What do you think? Am I reading too much into Luke’s storytelling? Maybe. But we all need to ask ourselves the question: “How often am I tempted to put God in ‘a box about yea… by yea?’” I know I am… sometimes. How do I reconcile “Love God… Love your neighbor… and don’t judge,” with my beliefs about capital punishment? How do Jesus’ teachings about sheep and goats… and looking after the least of these… inform my stance on universal healthcare insurance… and immigration? If Jesus came to earth to show us the Way… how we can be fully-human in accordance with God’s plans for us before the Fall… if he was willing to give up his life on the cross to show us that death was not the end… how can I justify the amount of money we spend in this country, daily on guns and bombs and war machines… when there are millions of children in the world who need food, and medicine, and a roof over their heads? It’s obscene. And I know it. And that makes me even more culpable. And so, I deceive myself by keeping God in a box, “about yea… by yea,” where I can pull him out when I need an advocate, a cheerleader… or maybe a hug. Keeping God in a box keeps the pressure at bay and allows me to put off thinking about the cross Jesus tells me I must bear… if I want to be his follower. And I do… I do. But it’s hard.

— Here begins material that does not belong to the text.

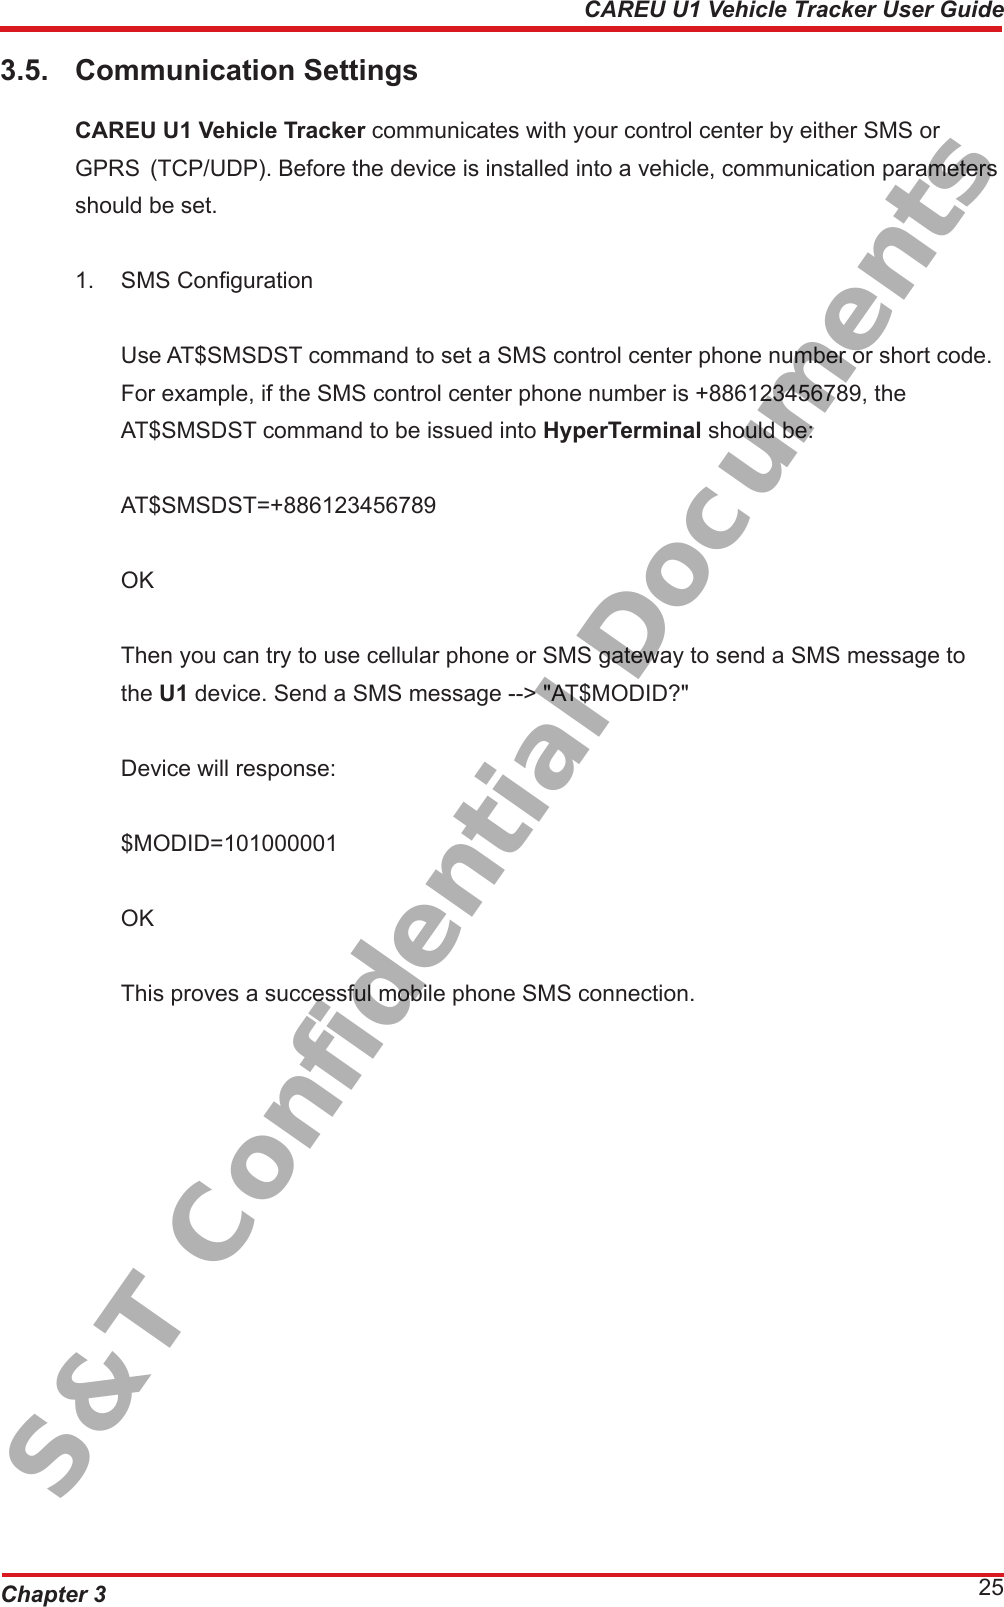 Chapter 3 25CAREU U1 Vehicle Tracker User Guide3.5.  Communication Settings CAREU U1 Vehicle Tracker communicates with your control center by either SMS or      GPRS  (TCP/UDP). Before the device is installed into a vehicle, communication parameters    should be set.1.  SMS Conguration  Use AT$SMSDST command to set a SMS control center phone number or short code.    For example, if the SMS control center phone number is +886123456789, the      AT$SMSDST command to be issued into HyperTerminal should be:   AT$SMSDST=+886123456789   OK   Then you can try to use cellular phone or SMS gateway to send a SMS message to     the U1 device. Send a SMS message --&gt; &quot;AT$MODID?&quot;  Device will response:  $MODID=101000001  OK   This proves a successful mobile phone SMS connection.S&amp;T Confidential Documents
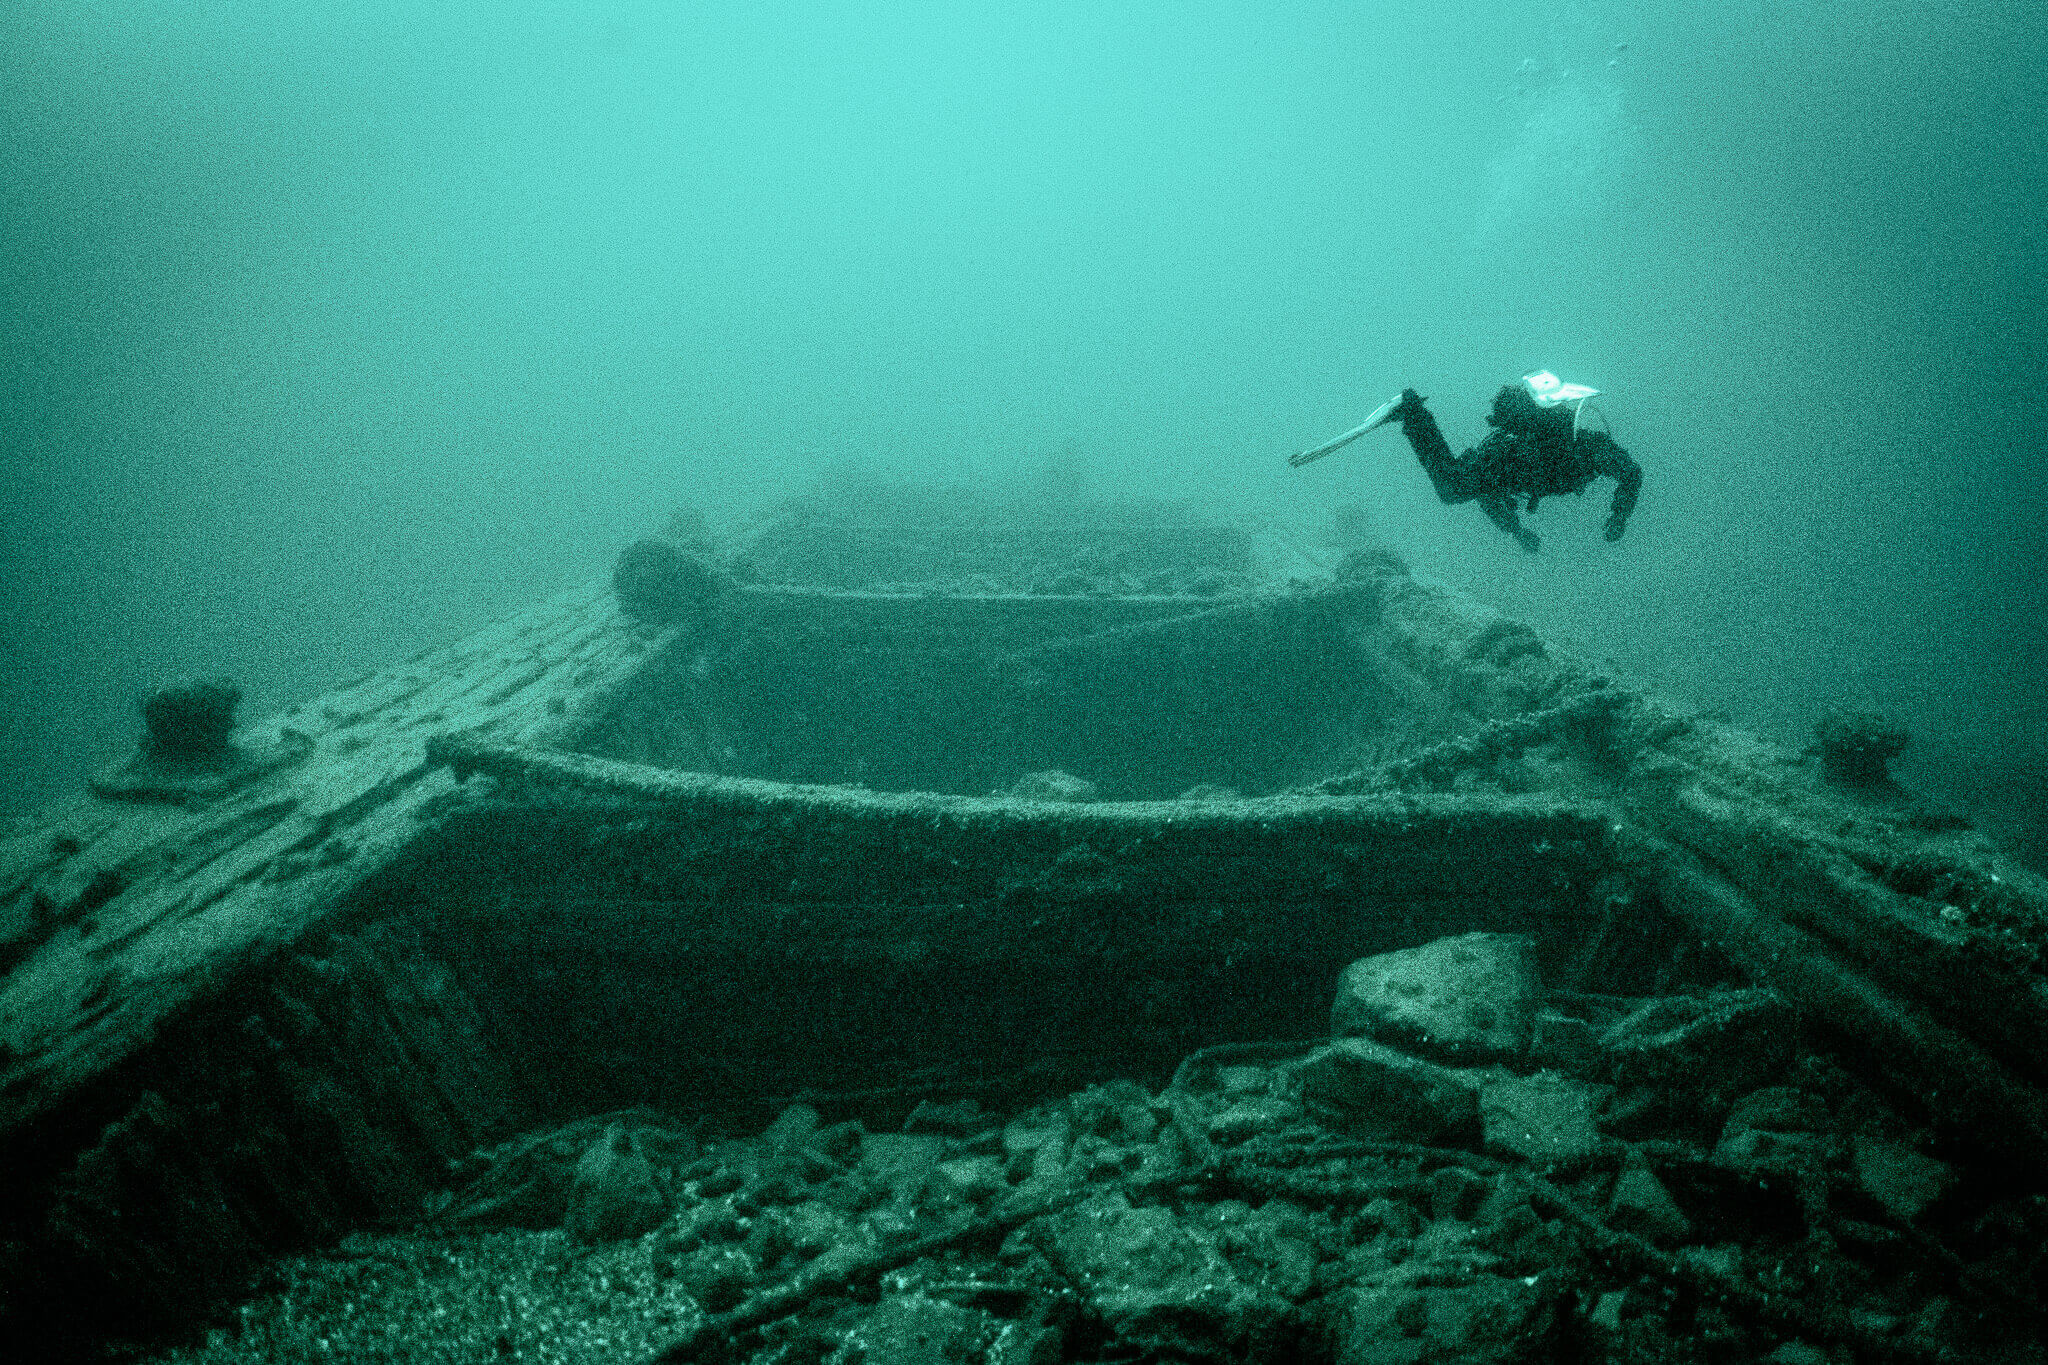 Underwater photo of a scuba diver exploring the Ash Island Barge shipwreck in the Thousand Islands area of the St. Lawrence River

But the reason we’re all here today is that Peter, John and James ended up being braver than I think I can be sometimes. You’ll notice that Jesus didn’t have to tell Peter not to build a booth. He may have given him a look, but he didn’t need to say anything because God spoke: “This is my Son… listen to him!” And Peter, John and James listened. They overcame their fear of rejection, suffering and death… they resolved themselves to take up their crosses… and follow Jesus. They lost their lives (in a very literal sense) for Jesus’ sake, but ended up inexplicably saving themselves… just as Jesus said would happen. I don’t know about y’all, but it makes all of my anxieties and uncertainties about how to live my life as a follower of Jesus Messiah seem pretty… petty.
I’ve heard it said that the wiser one becomes, the fewer choices one has to make. Or, in theological terms: the more we understand about the animating force behind the universe… which is from God… the more we are drawn to work in concert with that force. There is always a right thing to do! And if you believe that Jesus Messiah is the Son… the Chosen… the Beloved of God, then I’m pretty sure that in any given situation, the wise thing, the right thing to do, is what Jesus would do. So, listen to him!
When you’re feeling all alone in the Universe… listen to him! When you’re grappling with fear of rejection, and suffering, and even death… listen to him! And when you’re wondering how you can be church to a world in great need of hope… listen to him! And if you do… if you heed the call to take up your cross and follow him… then, like Peter, John and James and all of the great company of Apostles, you will find yourself forever changed and transfigured by the light of Christ.